> YOUR OBJECTIVE
Once the line with "Long sleeve lace" is found in the entries below, repeat it and each following line exactly, up to and including the line with "3D Train I64". Add no other lines.

> PROVIDED RECORDS
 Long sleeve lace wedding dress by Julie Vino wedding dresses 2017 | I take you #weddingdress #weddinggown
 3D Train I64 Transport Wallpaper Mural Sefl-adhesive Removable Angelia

* * *

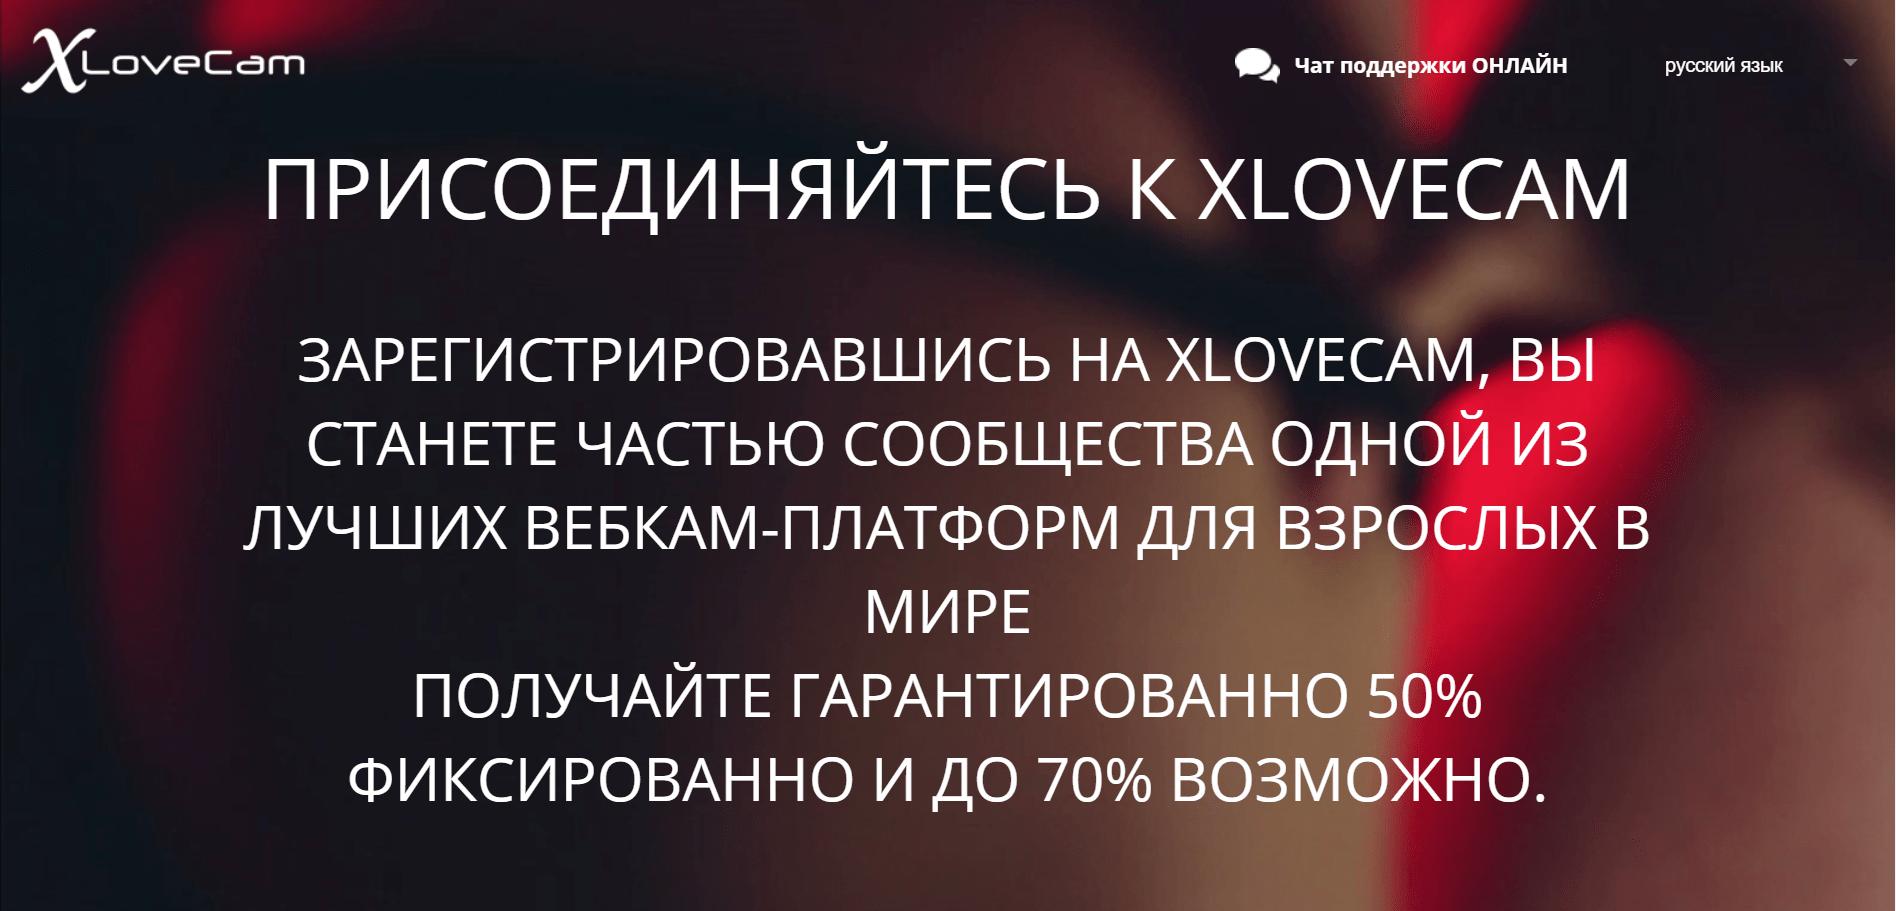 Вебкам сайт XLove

...

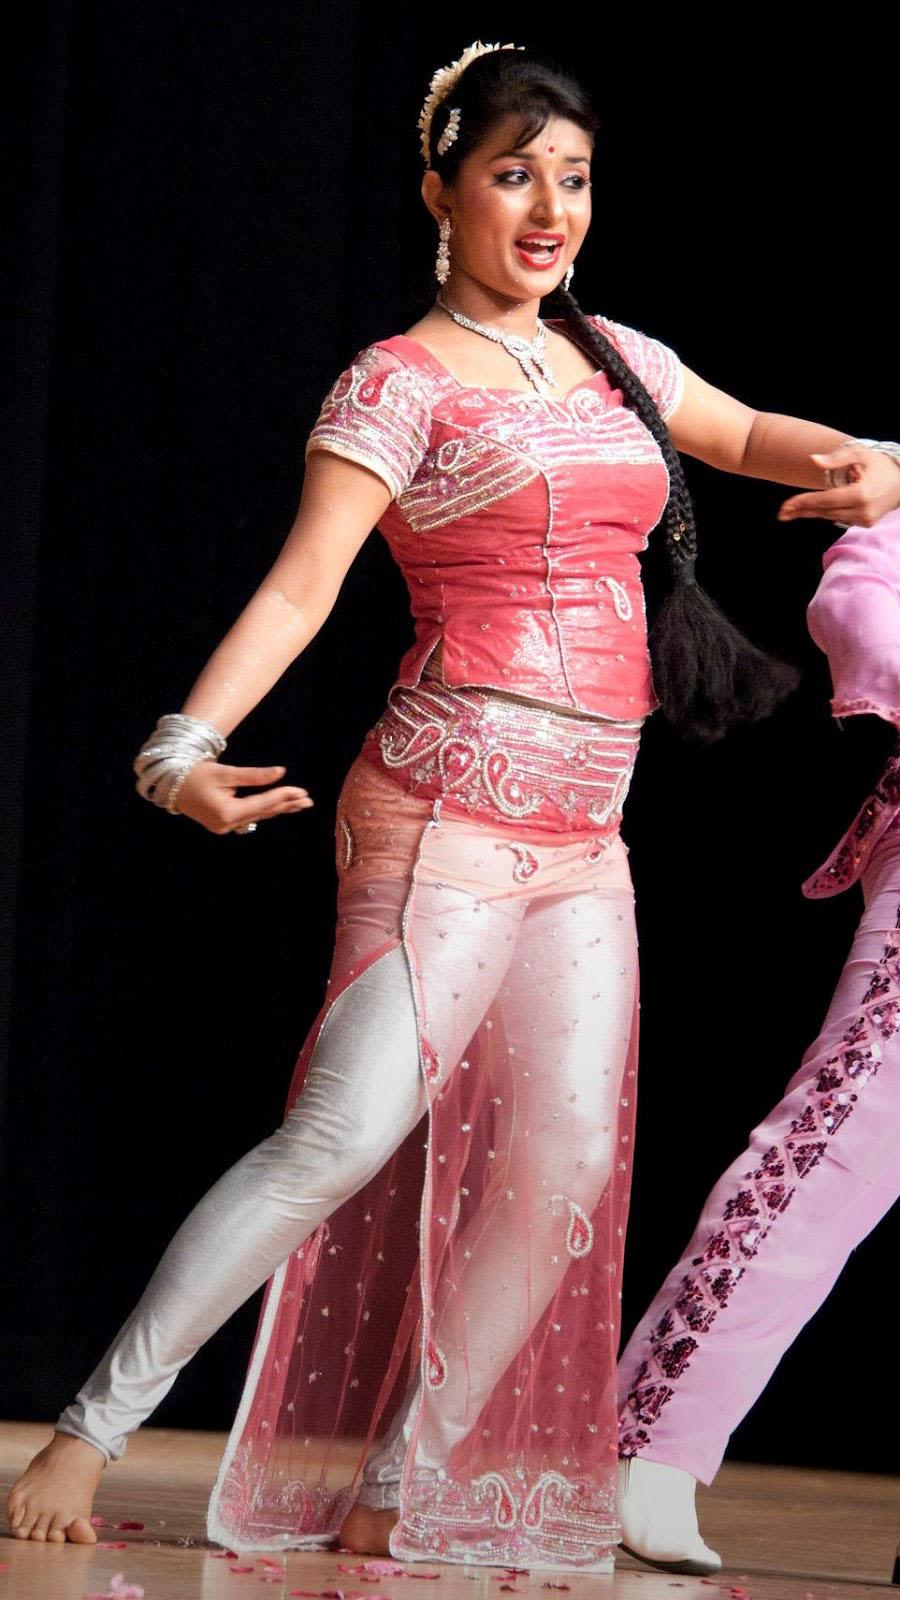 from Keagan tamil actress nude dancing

> WRITTEN ANSWER
 Long sleeve lace wedding dress by Julie Vino wedding dresses 2017 | I take you #weddingdress #weddinggown
 3D Train I64 Transport Wallpaper Mural Sefl-adhesive Removable Angelia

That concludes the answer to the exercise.